There was no difference in bioavailability between the 2 sources when using final plasma Cu concentrations. This suggests that steers fed GLY were able to maintain circulating Cu concentrations, which should provide adequate Cu for tissue demands, yet steers fed 10 mg Cu/kg DM from GLY apparently could not replenish liver Cu stores by day 124. It is unclear if this source difference would have resolved had the trial progressed further. It is also worth noting that the amount of Cu bound to thiomolybdates in plasma may have differed between sources. However, the current study utilized methods to assess total plasma Cu rather than TCA-insoluble Cu which can be used as an indirect measure of Cu bound to thiomolybdates in circulation (Gould and Kendall, 2011). At trial initiation, steers had plasma Cu concentrations in the adequate range (0.8 to 1.2 mg Cu/L; Underwood, 1977). Plasma Cu concentrations dropped substantially after 28 d of consuming the high antagonist diet. It was expected that plasma Cu would continue to drop over the 126-d feeding period. Instead, steers supplemented 10 mg Cu/kg DM from either source improved plasma Cu concentrations between days 84 and 126. This agrees with previous literature, which found 0 and 5 mg Cu/kg DM insufficient to maintain adequate plasma Cu concentrations in steers fed diets high in S and Mo (Hansen et al., 2008). Additionally, the increase in plasma Cu concentrations late in the feeding period for steers supplemented 10 mg Cu/kg DM suggests that the Cu requirement of finishing steers may be less than growing steers. Copper is known to play roles in enzymes needed for connective tissue cross-linking (Suttle, 2010) and formation of the extracellular matrix, which supports growth (Gentili and Cancedda, 2009). However, bone and muscle growth plateaus during the finishing phase, and fat deposition accumulates at an exponential rate. The difference in rate and composition of growth between growing and finishing cattle could influence biological demands for Cu and thus influence Cu requirements.

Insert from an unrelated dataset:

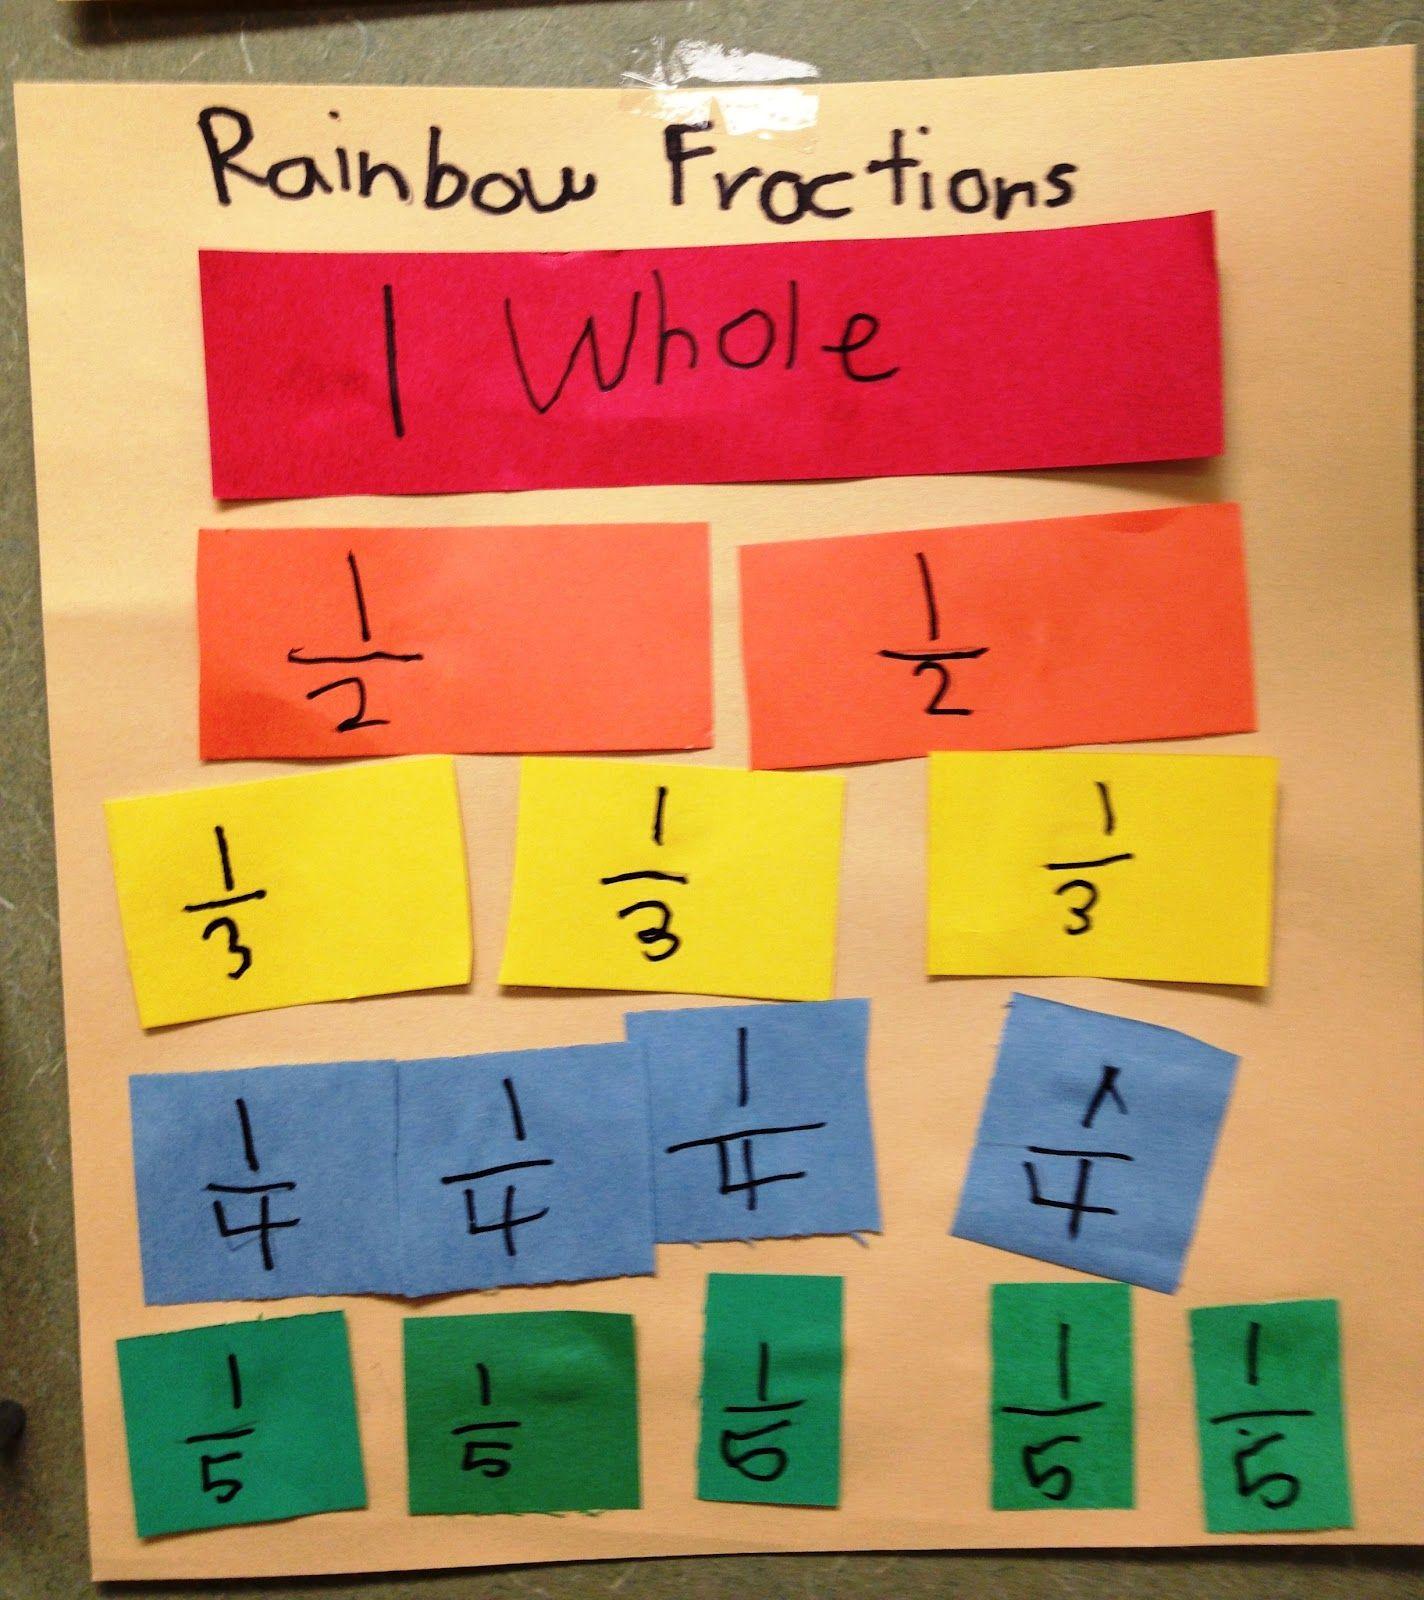 Rainbow fractions
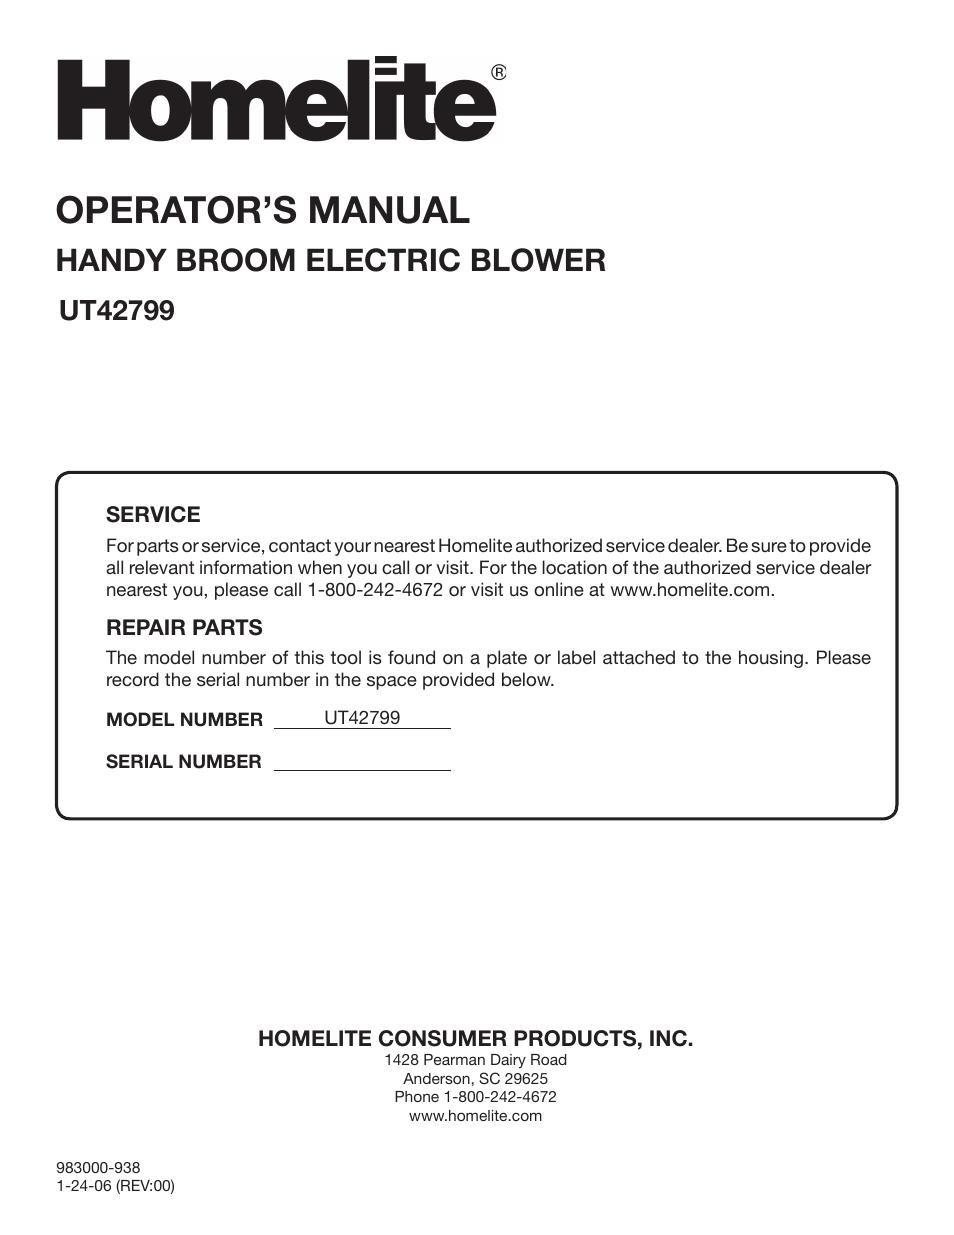 Operator's Manual, Handy Broom Electric Blower

Previous research eludes to depression in intake as a result of high levels of Mo in the diet (5 mg/kg Mo; Kegley and Spears, 1994), and Cu supplementation has been reported to increase DMI of steers fed a high antagonist diet (2 to 6.9 mg Mo/kg DM; 0.30 to 0.39% S), regardless of Cu source (Spears et al., 2004; Hansen et al., 2008). In the current trial, overall DMI was not affected by supplemental Cu treatments. However, numerically lesser DMI for GLY5 (9.7 kg/d) relative to CS5 (10.4 kg/d) resulted in lesser total Cu intake for GLY5 (11.5 g) relative CS5 (12.9 g). These differences in Cu intake would have been accounted for in the bioavailability calculations as initial and final liver and plasma Cu concentrations were regressed against total Cu intake. The observed improvements in BW and ADG of steers provided supplemental Cu at 5 or 10 mg/kg DM from CS compared with steers receiving no supplemental Cu agrees with past literature (Spears et al., 2004; Hansen et al., 2008). Interestingly, this performance advantage was not observed when steers were provided supplemental Cu at 5 mg/kg DM from GLY. VanValin et al. (2019) reported a tendency for steers supplemented inorganic Cu (CuSO4) to have greater overall ADG compared with steers supplemented with organic Cu (Cu lysine). This may provide further evidence that providing supplemental Cu solely from organic sources is not ideal when high amounts of antagonists are present in the diet.

Relative to CuSO4, bis-glycinate bound Cu was less bioavailable to growing steers fed a high antagonist diet based on liver Cu concentrations in the present study. According to a survey of consulting feedlot nutritionists, ~55% of respondents recommend a combination of inorganic and organic trace mineral sources for finishing cattle diets (Samuelson et al., 2016). Thus, future research needs to be conducted with blends (e.g., 25% organic/75% inorganic, etc.) to determine the optimal combination of Cu sources to support cattle growth. Because dietary Cu content and Cu antagonists vary widely across the world, it is important to assess bioavailability under conditions of low or moderate antagonistic pressure. Additionally, more research is needed to understand the solubility of bis-glycinate bound Cu and Cu requirements of finishing steers.